■ YOUR GOAL
Every line below should be copied exactly; drop the pictures.

■ DATASET SECTION
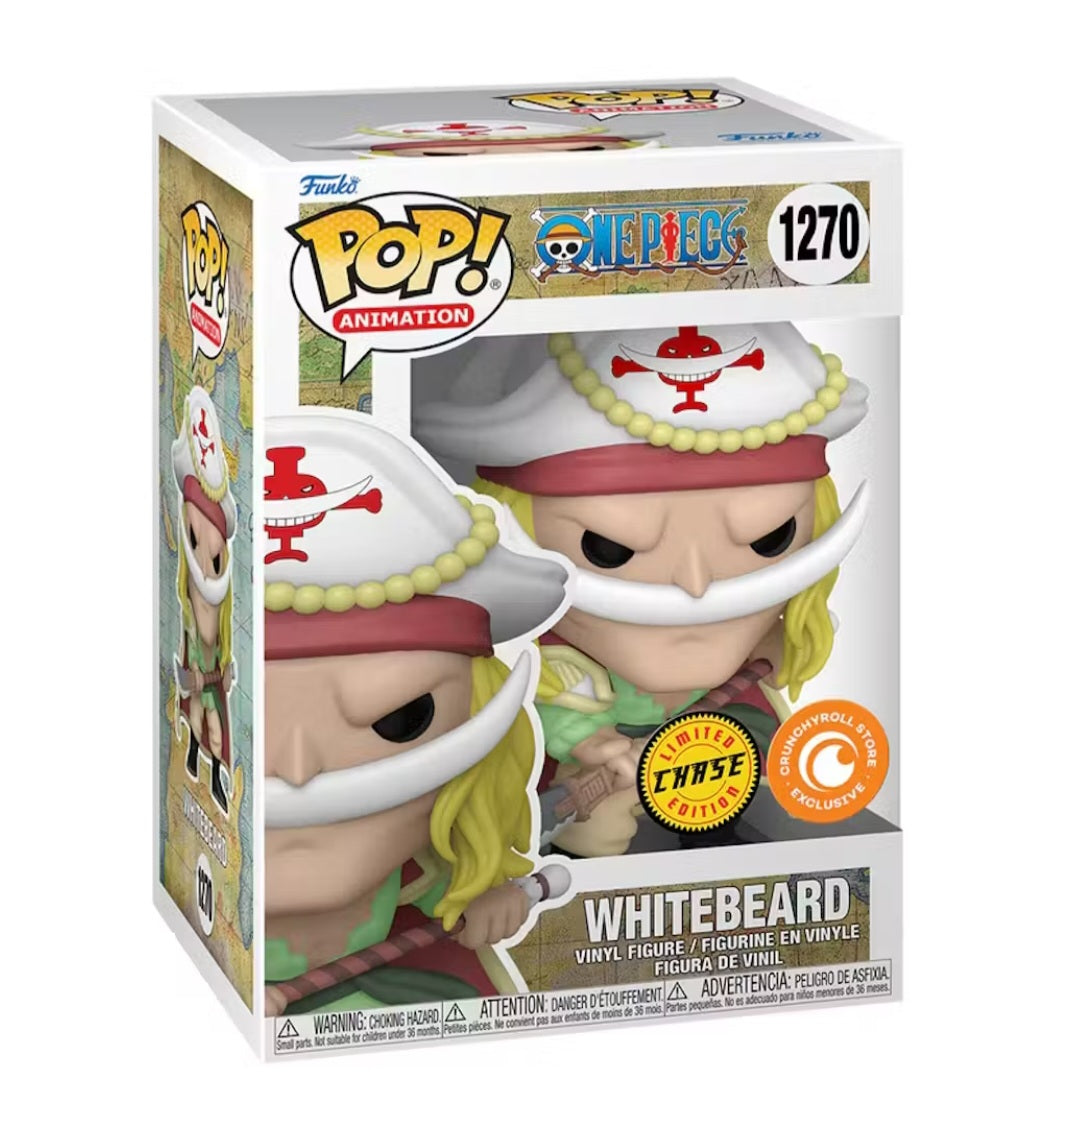 One Piece- White beard cr chase
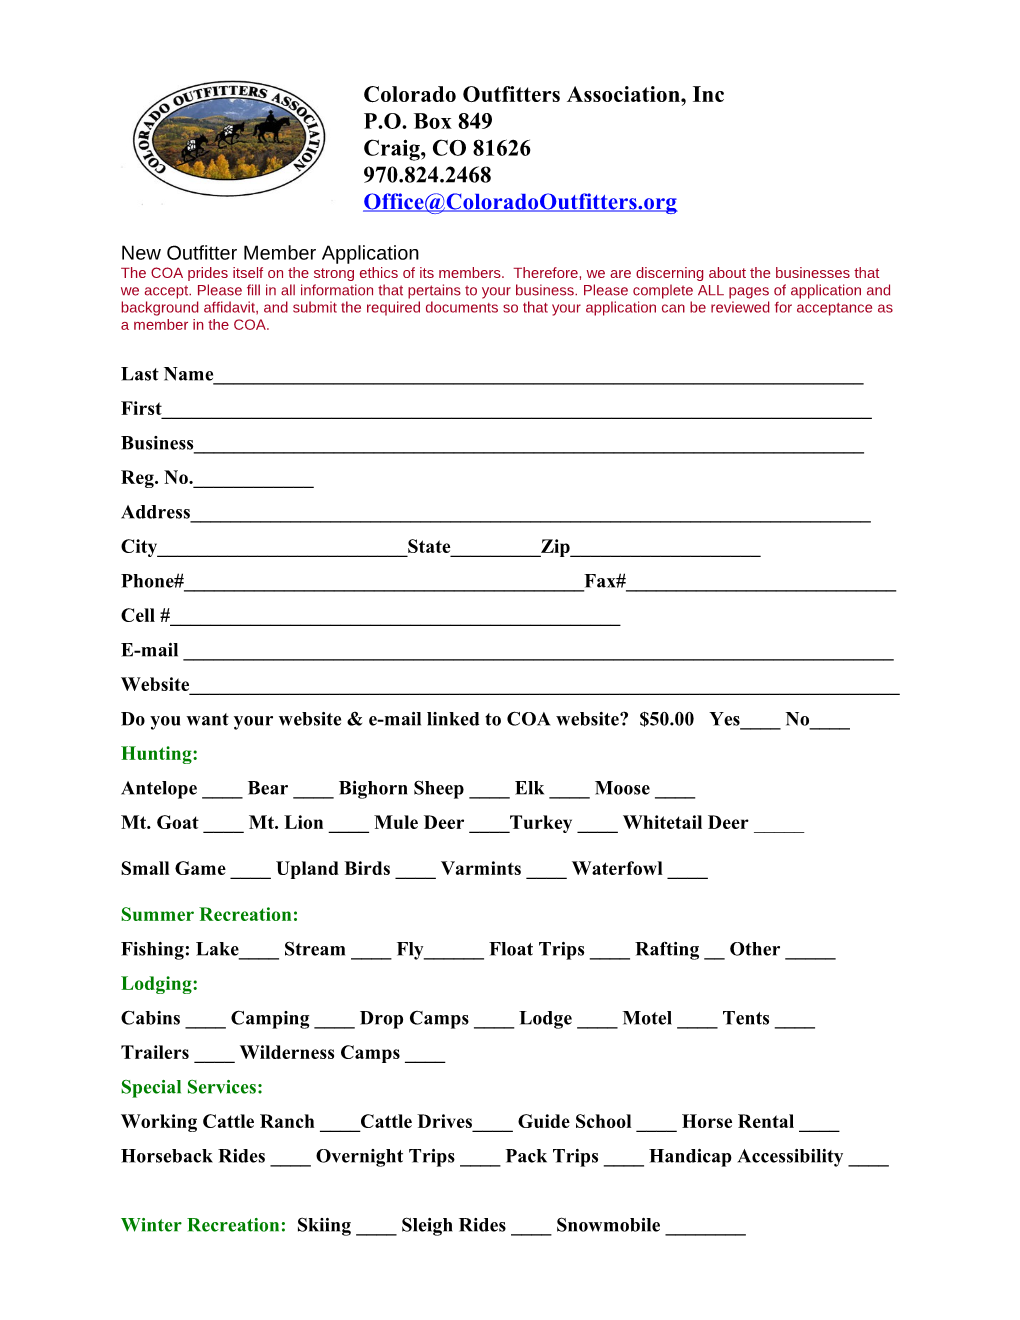 New Outfitter Member Application
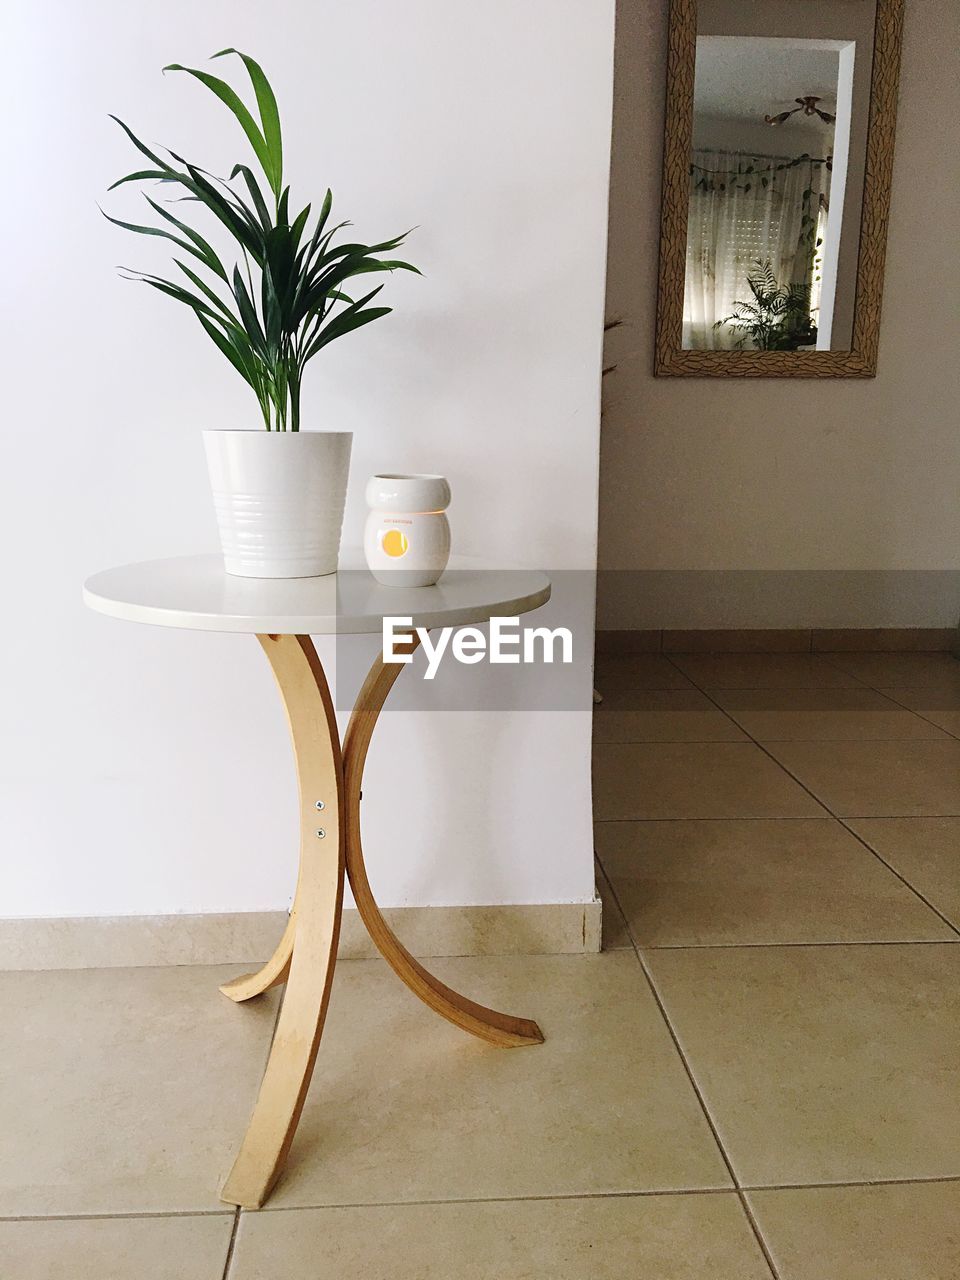 Potted plant with container on table

■ TASK OUTPUT
 One Piece- White beard cr chase
 New Outfitter Member Application
 Potted plant with container on table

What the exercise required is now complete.